Given information:
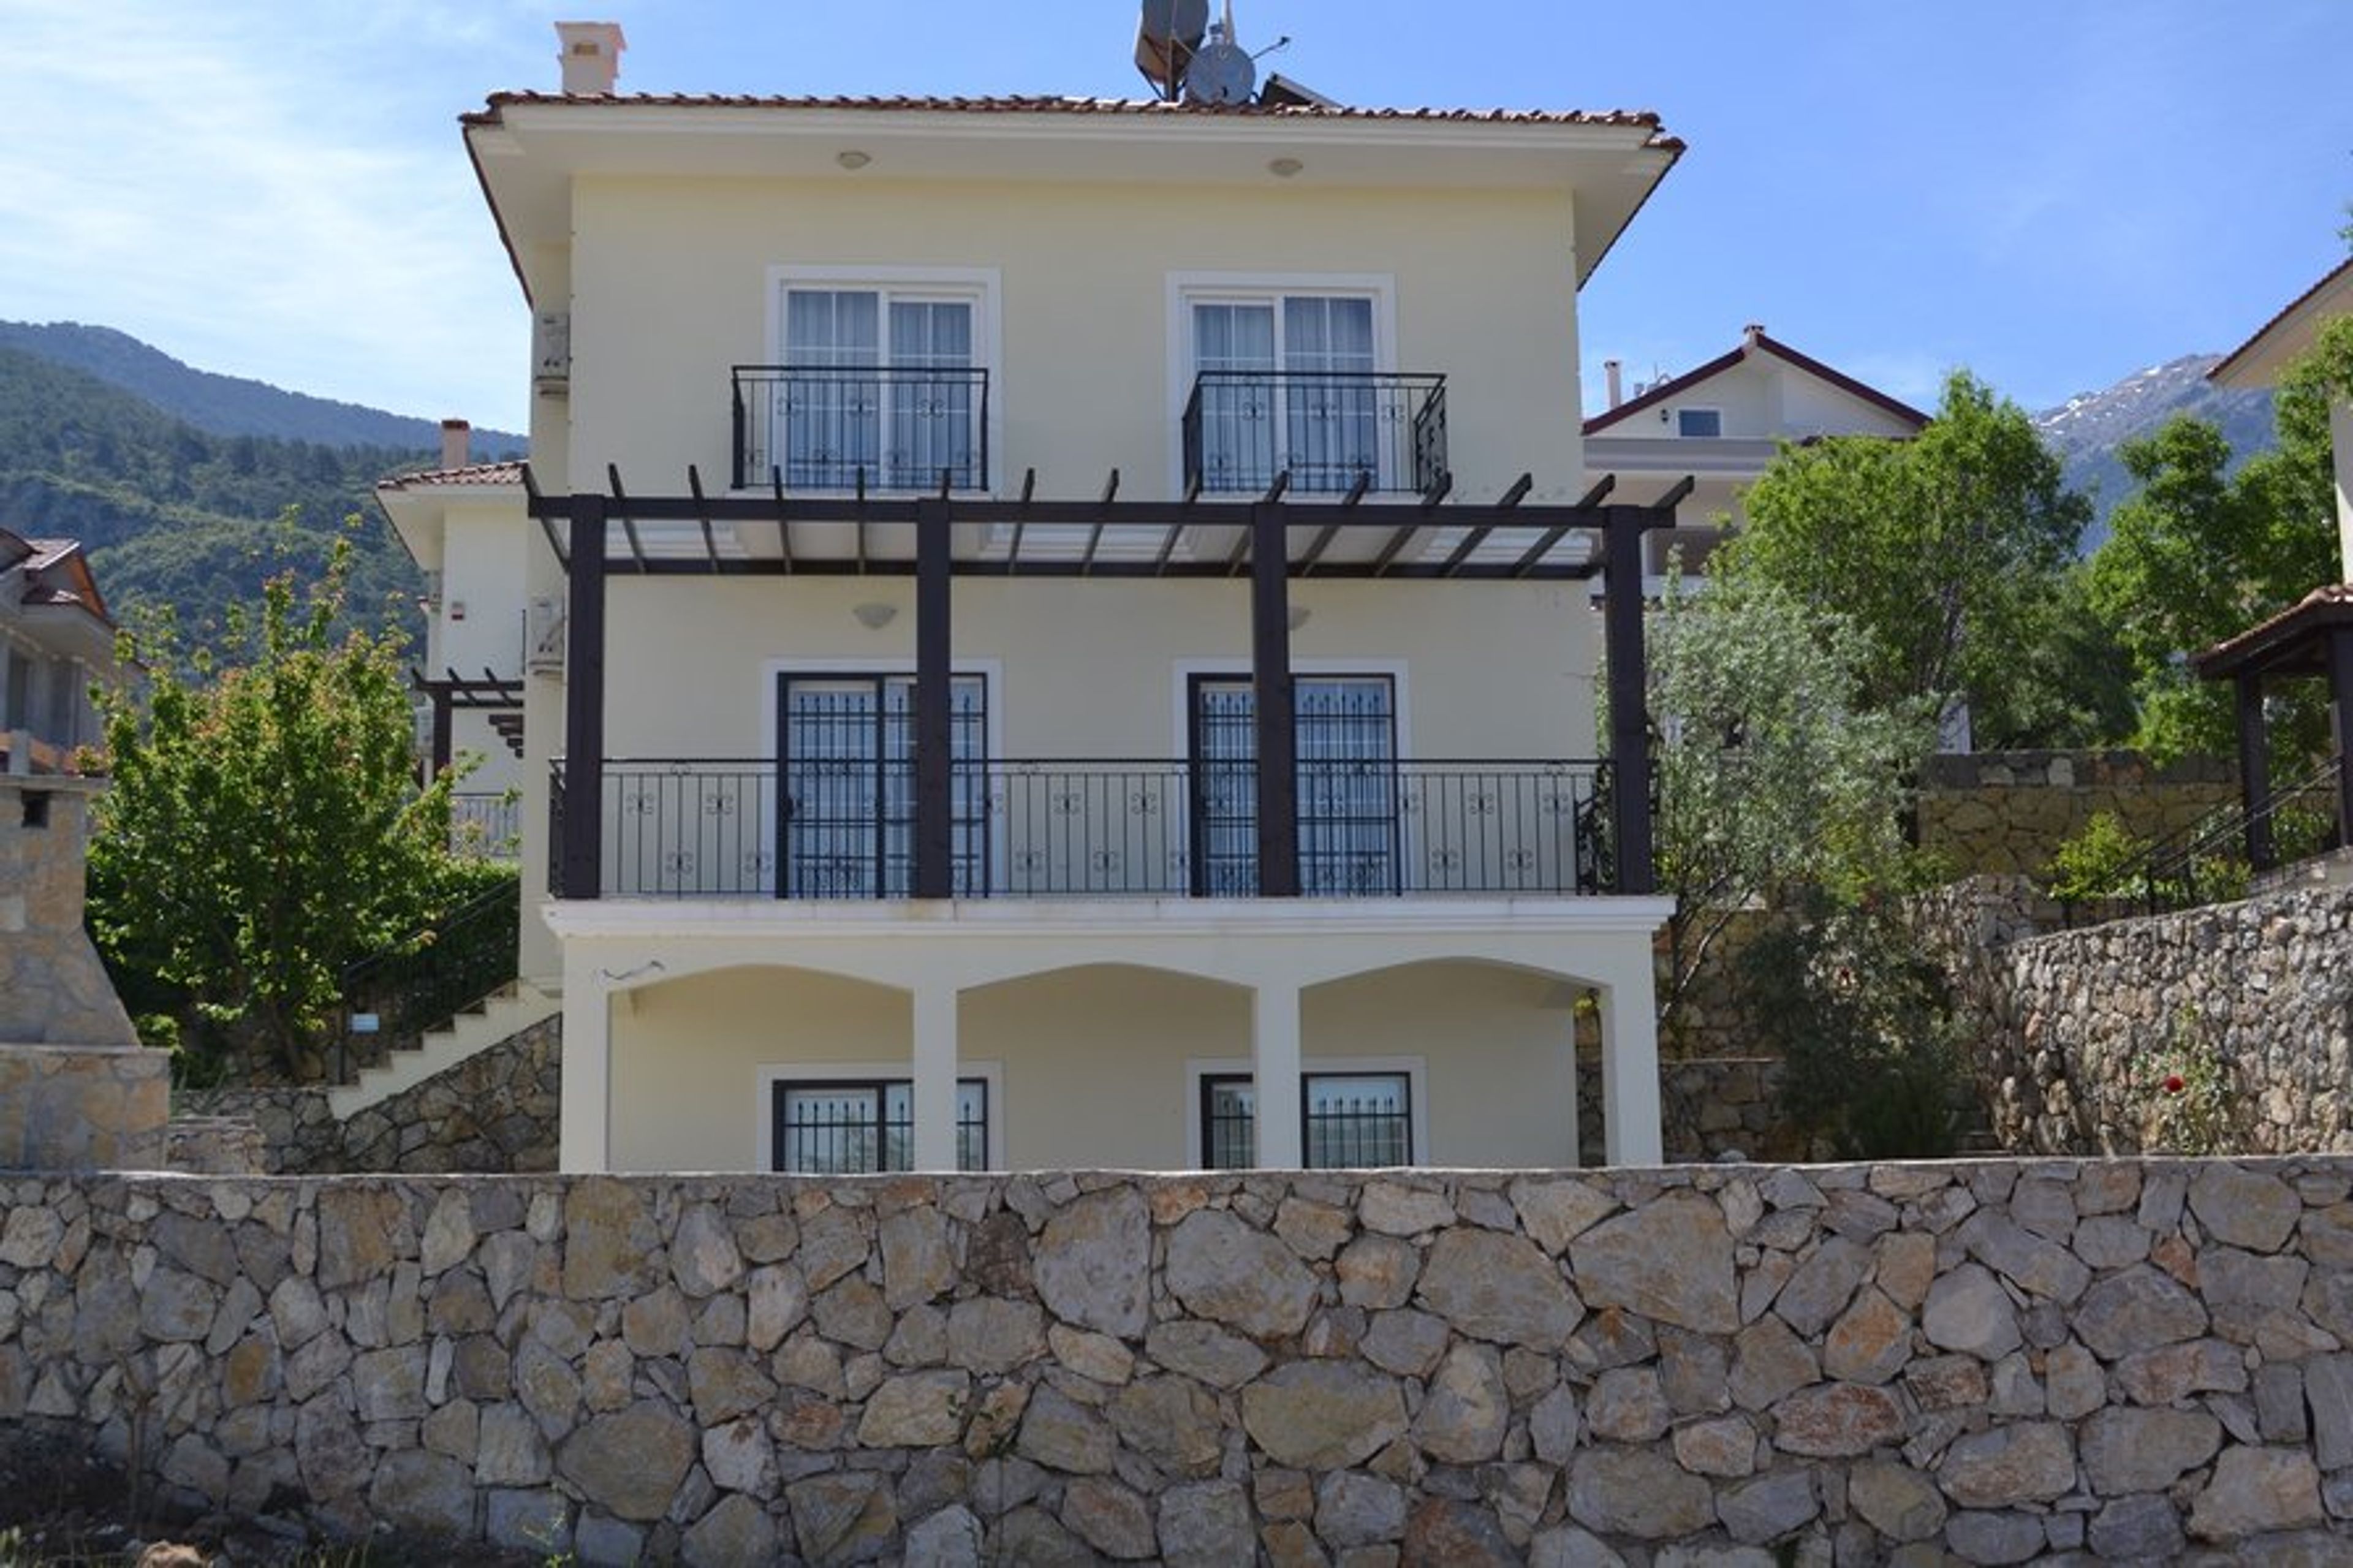 Front of Akaysa detached villa, not overlooked, mountain views
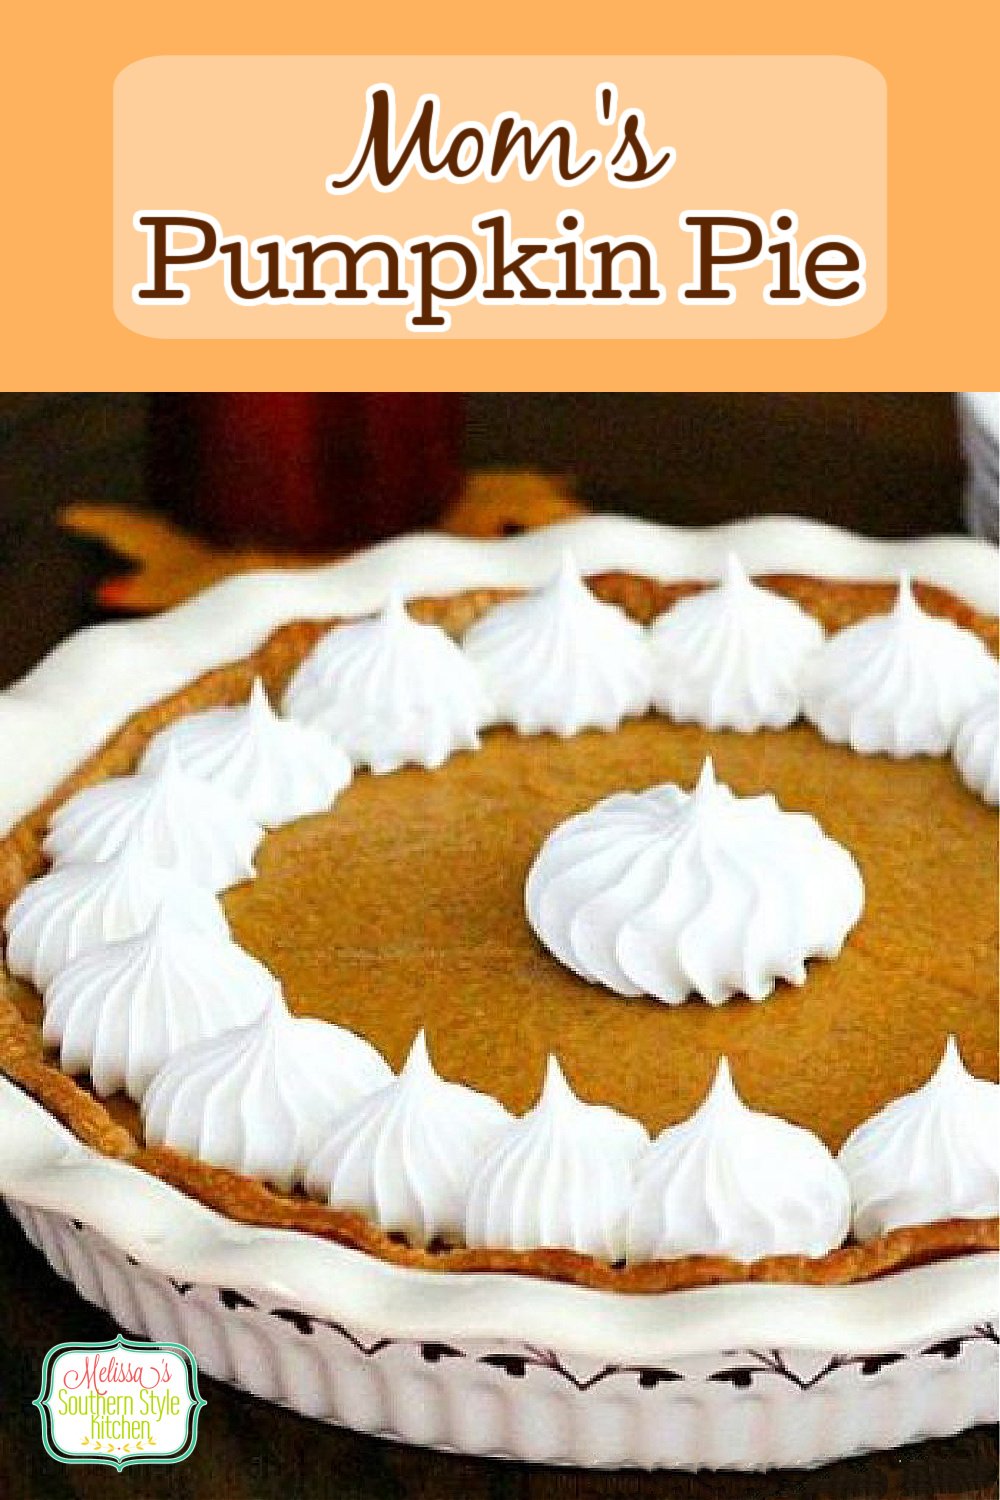 Take the fuss out of desserts this thanksgiving with Mom's Pumpkin Pie that features a filling made on the stovetop #pumpkinpie #bestpumpkinpie #easypumpkinpie #southernfood #thanksgivingrecipes #holidaybaking #fallrecipes #pumpkin #pierecipes #southernrecipes
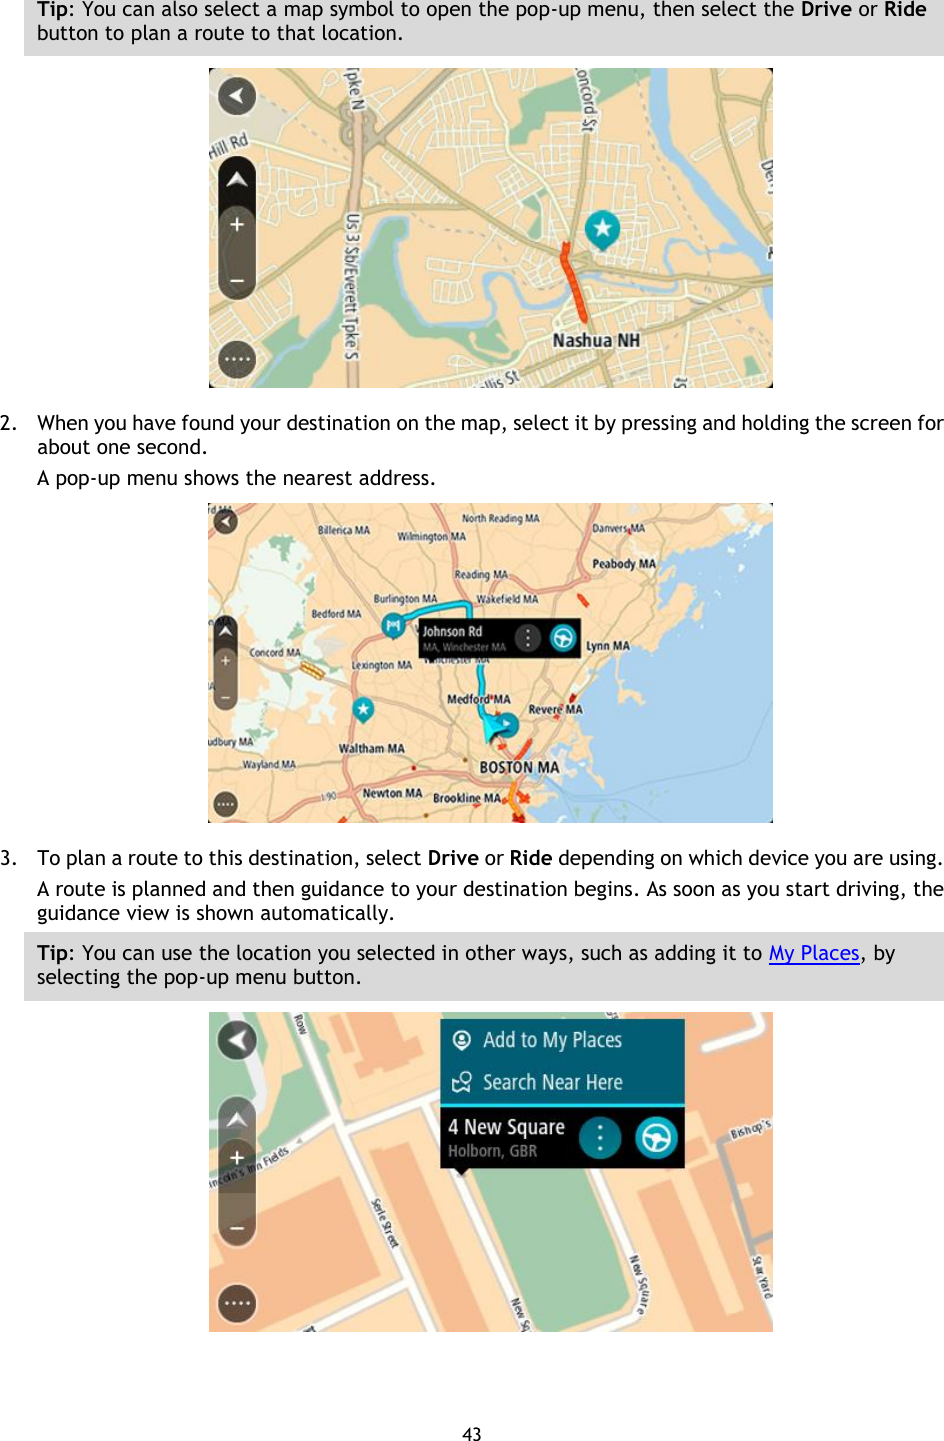 43    Tip: You can also select a map symbol to open the pop-up menu, then select the Drive or Ride button to plan a route to that location.  2. When you have found your destination on the map, select it by pressing and holding the screen for about one second.   A pop-up menu shows the nearest address.  3. To plan a route to this destination, select Drive or Ride depending on which device you are using. A route is planned and then guidance to your destination begins. As soon as you start driving, the guidance view is shown automatically. Tip: You can use the location you selected in other ways, such as adding it to My Places, by selecting the pop-up menu button.

Required work: Give back the material word for word and drop the pictures it holds.

Solution for this exercise:
 Front of Akaysa detached villa, not overlooked, mountain views
 Take the fuss out of desserts this thanksgiving with Mom's Pumpkin Pie that features a filling made on the stovetop #pumpkinpie #bestpumpkinpie #easypumpkinpie #southernfood #thanksgivingrecipes #holidaybaking #fallrecipes #pumpkin #pierecipes #southernrecipes
 43    Tip: You can also select a map symbol to open the pop-up menu, then select the Drive or Ride button to plan a route to that location.  2. When you have found your destination on the map, select it by pressing and holding the screen for about one second.   A pop-up menu shows the nearest address.  3. To plan a route to this destination, select Drive or Ride depending on which device you are using. A route is planned and then guidance to your destination begins. As soon as you start driving, the guidance view is shown automatically. Tip: You can use the location you selected in other ways, such as adding it to My Places, by selecting the pop-up menu button.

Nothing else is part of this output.